Green Agriculture | August 21, 2008 |
Farming Sustainable Community Businesses
Environmental justice meets sustainable agriculture, as the AnewAmerica Community Corporation's Green Market project coordinates with local immigrant farmers.
The Green Market project offers educational opportunities for members of disadvantaged communities to learn about sustainable and organic agriculture businesses. Nearly a decade ago, AnewAmerica joined to empower improvised San Francisco Bay Area communities by creating jobs and provide appropriate training with sustainability in mind.
For the past three years, AnewAmerica has launched the Green Market project and describes it as a way to provide “a unique opportunity to build a bridge between rural and urban new American communities with the strategic purpose of building food self-reliance and sustainability over time."
The project is dually funded by the US Department of Agriculture through its Cooperative State Research, Education and Extension Service (CSREES), and by the Agricultural Land-Based Association (ALBA). These organizations work to foster learning for farmers, farm workers, and the general agriculture community in an environmentally healthy format. Their efforts on this project allow people from low-income communities to learn and then develop ways to produce crops in economically and environmentally sensitive manners. Through community collaboration and advocacy work, CSREES, ALBA, and AnewAmerica, is making strides to reduce poverty and increase the success of sustainable agriculture.

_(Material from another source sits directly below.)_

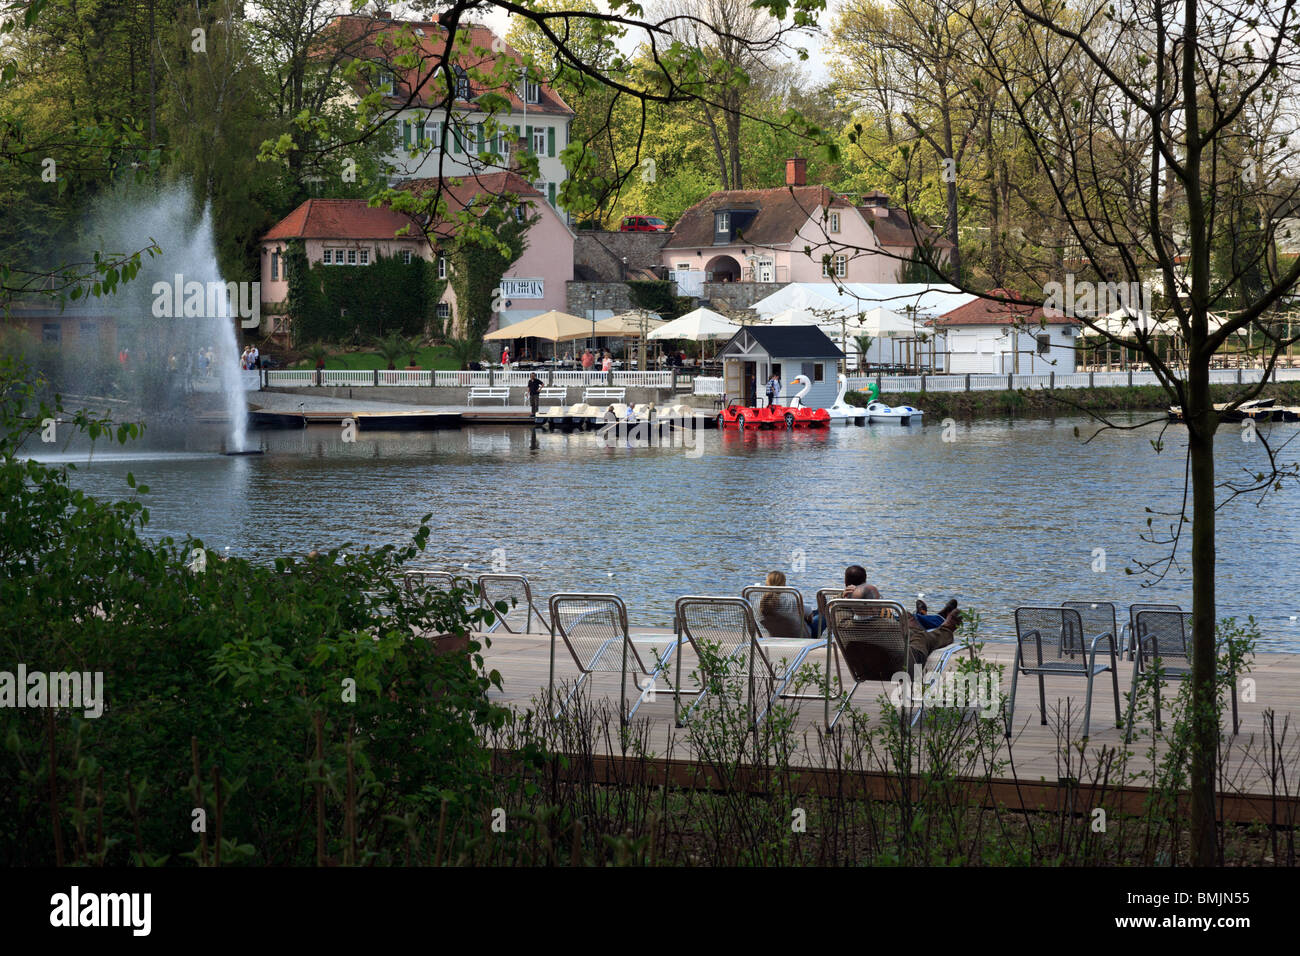 The boating lake in Bad Nauheim's Kurpark, Germany. Stock Photo

Green Market courses range from general business planning and marketing, to localized needs like nutrition for poverty stricken families. The project also jump starts entrepreneurial spirit. Students actively participate in how the agricultural market produces, processes, delivers, and sells products to consumers, discovering along the way that selling locally produced crops is both economically and environmentally viable. Students take part in identifying ways to enhance their prospective business in a community such as selling those local crops to the more than 100 weekly farmers markets.

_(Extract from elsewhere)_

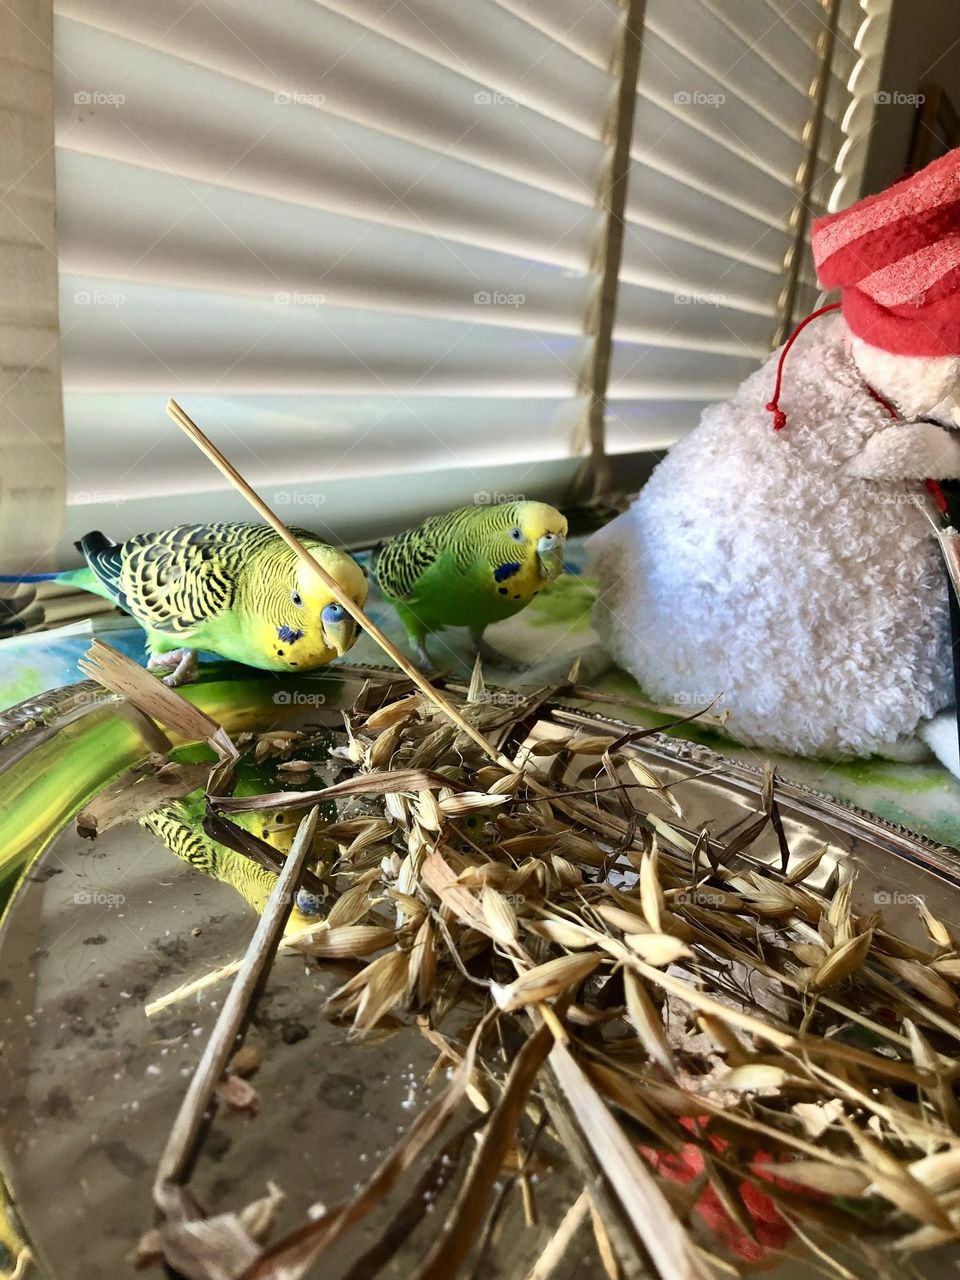 Family pets Kiwi and Coco

Other program features allow the students to participate in the Green Banana Food Incubation Project, a program where students earn a college certificate and are paired with mentors to expose them to the trade. By working in the project’s café, students gain access to customers and a full functioning market operation. From there, students create a business plan including identifying sales opportunities in the community, as well as locating financial and credit assistance.
The program has successfully graduated 153 students earning their certificate and led 65 self-starters through the businesses start-up process in the past three years, according to CSREES.